Distribution of piperaquine resistance markers from isolates collected between 1997 and 2018 and spatial distribution of Plasmodium falciparum malaria infections in 2017 (A) Frequencies of isolates with pfCRT muted (red bars) or not (blue bars) at position 350 showed disparities between the countries in the Amazon basin (isolate population=n). (B) Spatial distribution of piperaquine resistance markers (pfCRT^C350R [ie, Cys350Arg] and pfpm2 and pfpm3 amplification) in Guiana Shield countries from isolates collected between 2006 and 2018. Blue designated for pfCRT^C350 carriers with a single copy of pfpm2 and pfpm3, light blue for pfCRT^C350 carriers with multiple copies of pfpm2 and pfpm3, red for pfCRT^C350R mutants with a single copy of pfpm2 and pfpm3, and pink for pfCRT^C350R mutants with multiple copies of pfpm2 and pfpm3. Adapted from annual country reports to the Pan American Health Organization, CDE/VT, and Malaria.Pfpm2 and Pfpm3=plasmepsin 2 and plasmepsin 3. PfCRT=Plasmodium falciparum chloroquine resistance transporter.

Figure 5

Emergence and impact of plasmepsin gene amplifications (pfpm2 and pfpm3) in French Guianese isolates between 1997 and 2018 (A) Prevalence of pfCRT³⁵⁰ polymorphism (isolate population=N) and pfpm2 and pfpm3 multiple copies (isolate population=n).

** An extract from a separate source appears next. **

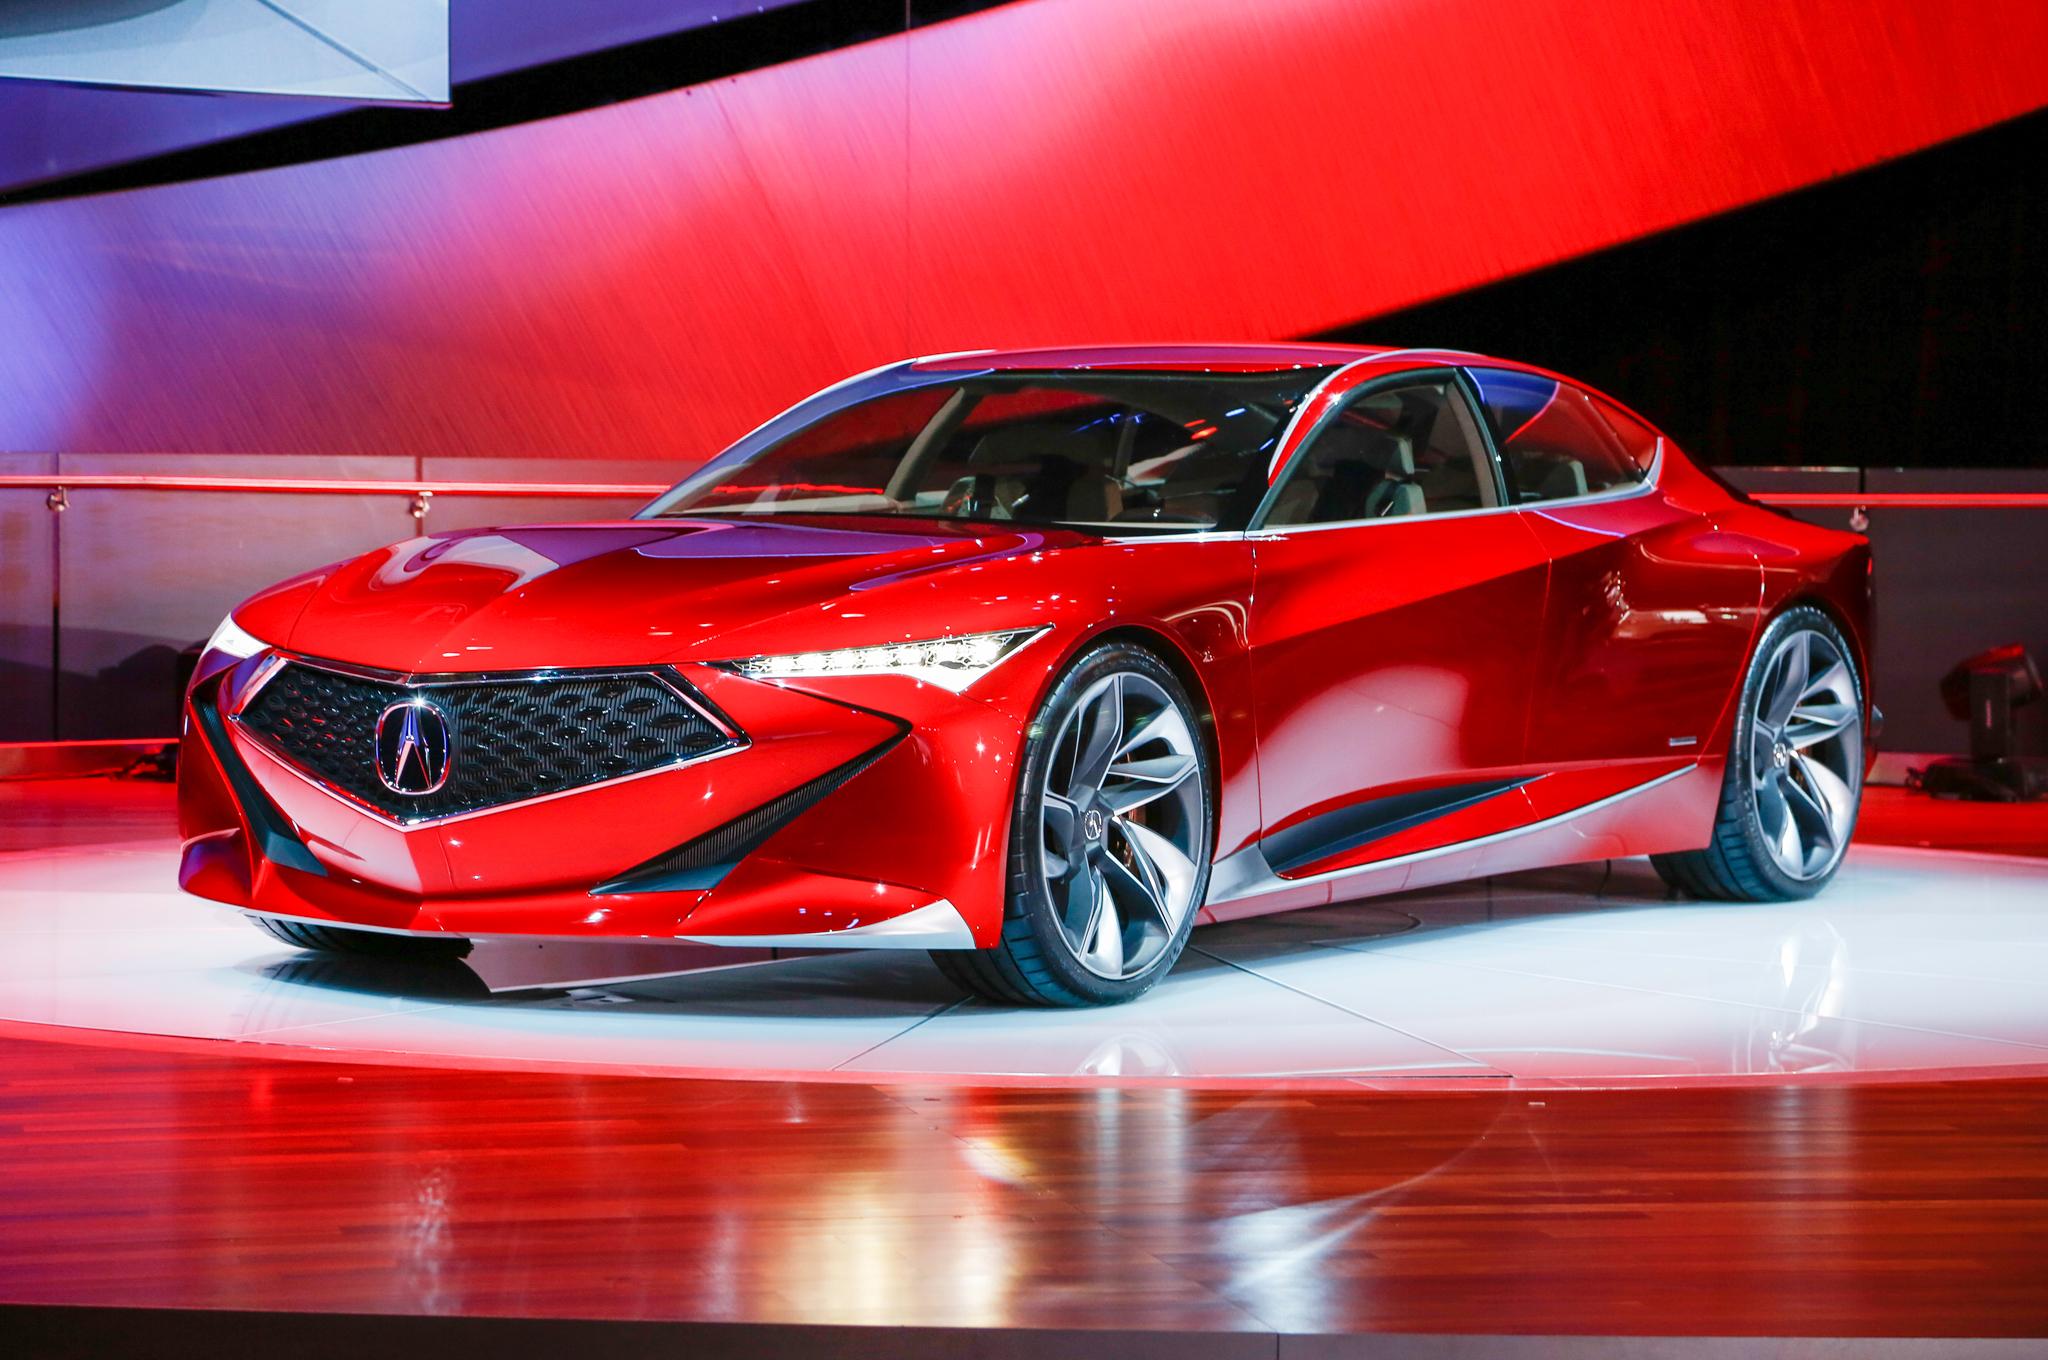 Super Acura Concept

Like pfCRT^C350R (ie, Cys350Arg), pfpm2 and pfpm3 amplifications rapidly rose in frequency after their initial emergence, culminating in 29 (83%) of 35 isolates (95% CI 70·4–95·3%) between 2012 and 2014. Blue bars represent pfCRT^C350 carriers and red bars, pfCRT^C350R mutants; black error bars show the SD between the years. The green dashed line shows the percentage of isolates with multiple copies of pfpm2 and pfpm3, green error bars display the 95% CI. (B) The pfpm2 and pfpm3 copy number status depending on the pfCRT³⁵⁰ polymorphism (isolate population=n). Blue bars represente pfCRT^C350 carriers with a single copy of pfpm2 and pfpm3, light-blue bars for pfCRT^C350 carriers with multiple copies of pfpm2 and pfpm3, red bars for pfCRT^C350R mutants with a single copy of pfpm2 and pfpm3, and pink bars for pfCRT^C350R mutants with multiple copies of pfpm2 and pfpm3. (C) Survival rate after piperaquine pressure depending on isolate genotype. Blue circles represent pfCRT^C350 carriers with a single copy of pfpm2 and pfpm3, light-blue circles indicate pfCRT^C350 carriers with multiple copies of pfpm2 and pfpm3, red circle indicate pfCRT^C350R mutants with a single copy of pfpm2 and pfpm3, and pink circles indicate of pfCRT^C350R mutants with multiple copies of pfpm2 and pfpm3. Multiple copies of genes is ≥2. Significance was determined by a Dunn test for multiple comparisons using R; *p<0·05, **p<0·01, and ***p<0·001. Sample size=n. (D) Temporal analysis of piperaquine resistance markers emergence and prevalence in southeast Asia and South America. PfCRT mutation is in red and pfpm2 and pfpm3 amplifications are in green. The timeline depicts periods from 2000 to 2020. Coloured arrows pinpoint the time of the first emergence for each piperaquine resistance markers. The different drug pressures are represented, with dashed arrows for non-conventional usage. Pfpm2 and pfpm3=plasmepsin 2 and the plasmepsin 3. PfCRT=Plasmodium falciparum chloroquine resistance transporter.